The question is
Is the point (-3, -2) a solution of the intersection of the following set of quadratic equations:
Y < -X^2
X^2 + Y^2 < 16
I guess I am somewhat confused by the way it's written. Would I be graphing this to find out? I'm so confused with this problem. I have asked for help and alot of people really don't understand it when they look at it. The answer I have for it is 321, but I am not quite sure if that really answers the question. Is the point a solution of the intersection of those equations? Please help me, I feel so lost!
The solution to inequalities is a region, not just a point. In this case, think of the graphs.
y < -x^2 is the whole inside of the downward-opening parabola with vertex at (0,0).
x^2 + y^2 < 16 is the inside of the circle of radius 4 centered at (0,0).
So, is 9+4<16? yes, the point is inside the circle.
Is -2 < -9? No. It is not inside the parabola.
How can you possibly come up with 321 as an answer? Is that x or y?
The point is not a solution of equations, because you don't have any equations; you have inequalities.
visit wolframalpha . com and enter
plot {x^2+y^2 < 16, y < -x^2}
to see the shaded region which satisfies both inequalities.
To determine whether the point (-3, -2) is a solution of the intersection of the given set of quadratic equations, you can follow these steps:
1. Equation 1: Y < -X^2
To check if (-3, -2) satisfies this inequality, substitute the x-coordinate (-3) and the y-coordinate (-2) into the equation:
-2 < -(-3)^2
-2 < -9
Since -2 is not less than -9, the point (-3, -2) does not satisfy Equation 1.
2. Equation 2: X^2 + Y^2 < 16
To check if (-3, -2) satisfies this inequality, substitute the x-coordinate (-3) and the y-coordinate (-2) into the equation:
(-3)^2 + (-2)^2 < 16
9 + 4 < 16
13 < 16
Since 13 is less than 16, the point (-3, -2) does satisfy Equation 2.

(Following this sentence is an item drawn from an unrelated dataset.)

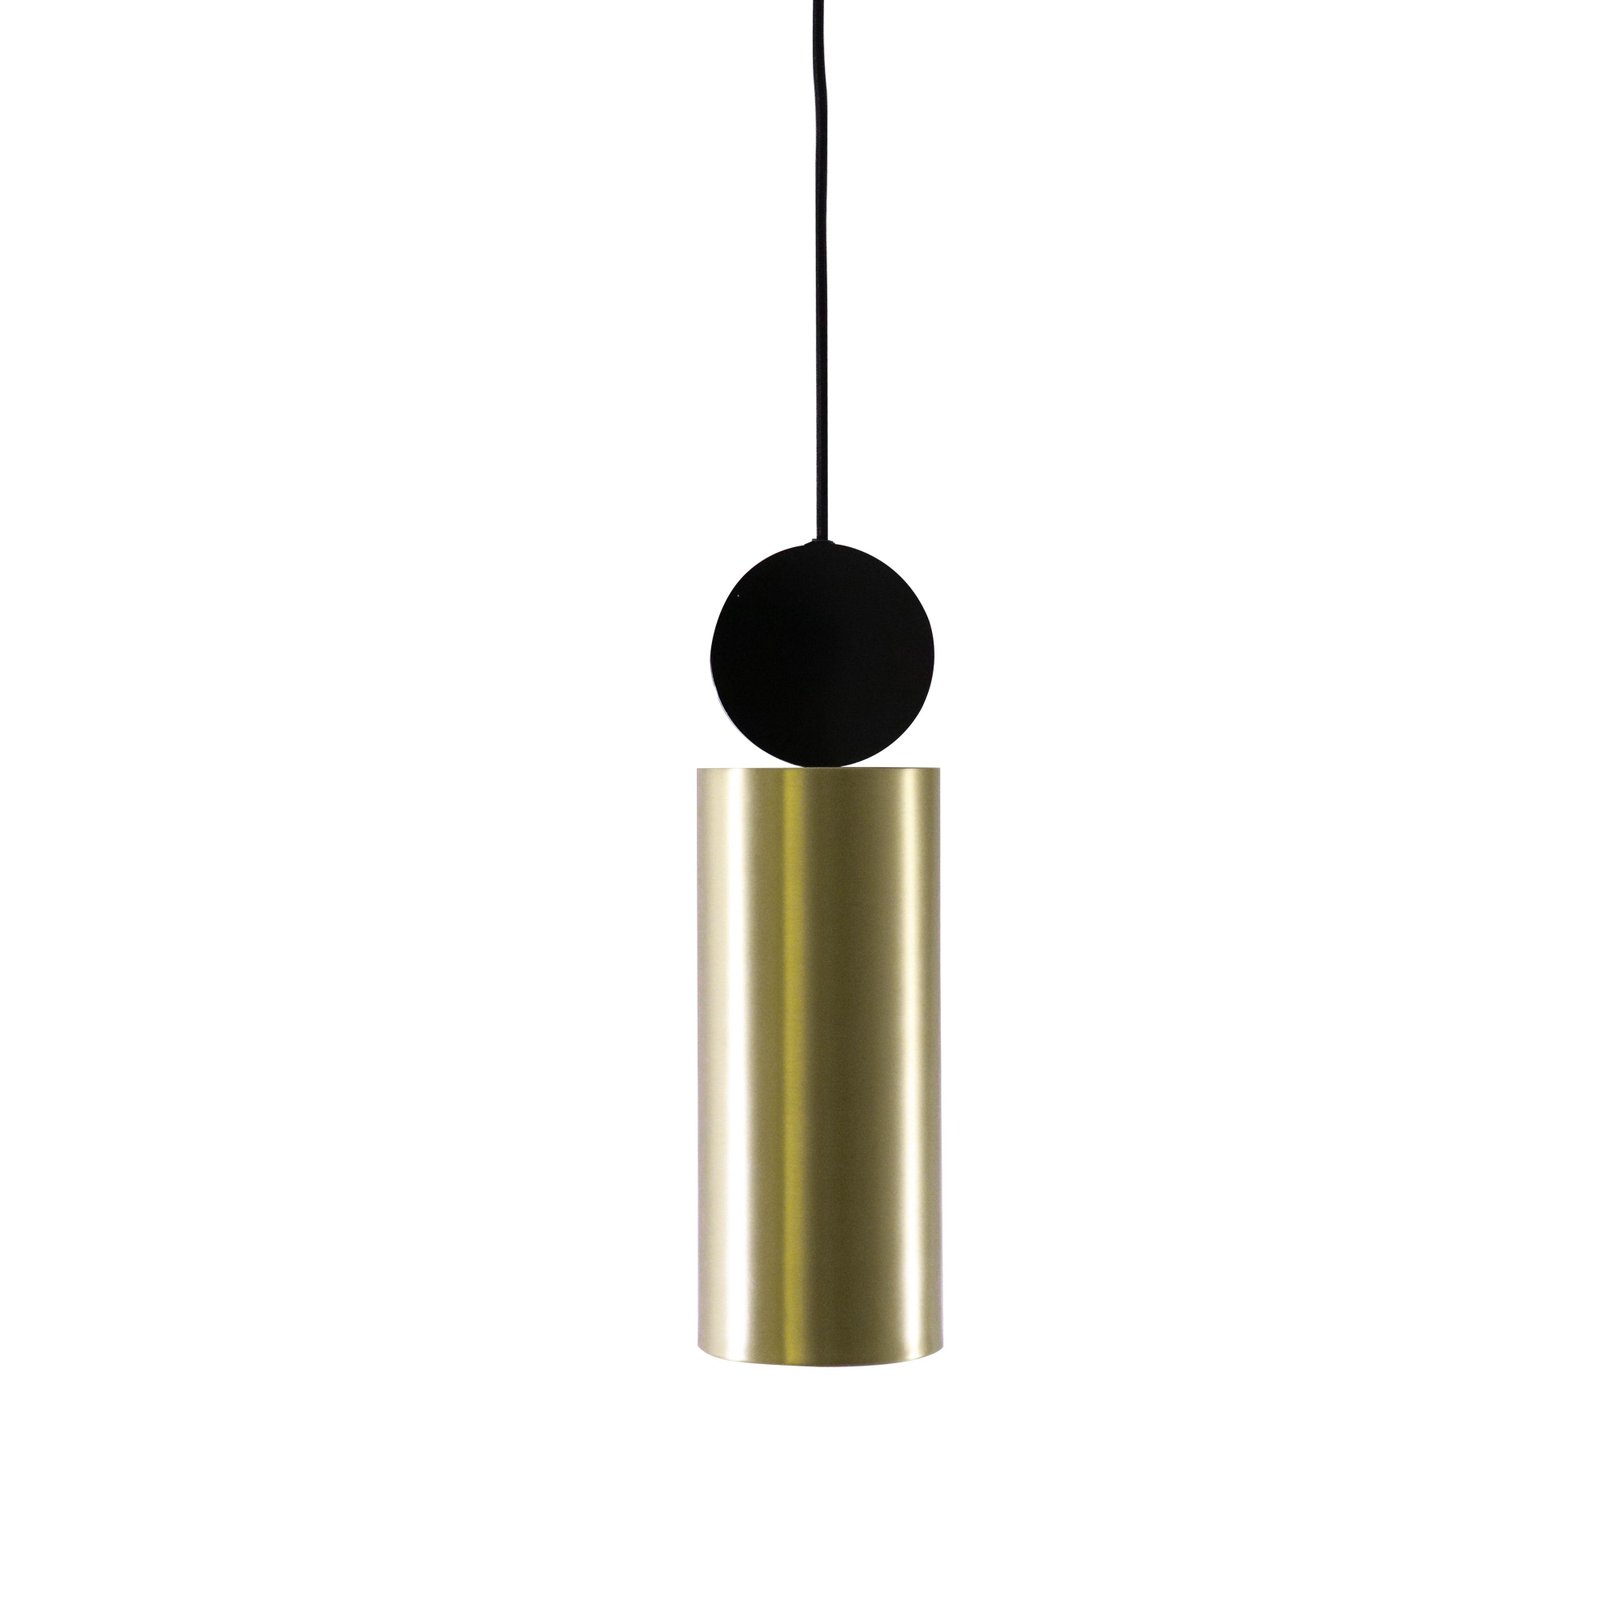 Cale Pendant Collection in Gold, Cool White, Dimensions: Diameter 9" x Height 11" (or 16cm x 31cm)

To find the intersection of the two equations, we need to find the solutions that satisfy both equations simultaneously. Since (-3, -2) satisfies Equation 2 but not Equation 1, it is not a solution of the intersection of the given equations.
Therefore, the answer is that the point (-3, -2) is not a solution of the intersection of the quadratic equations Y < -X^2 and X^2 + Y^2 < 16.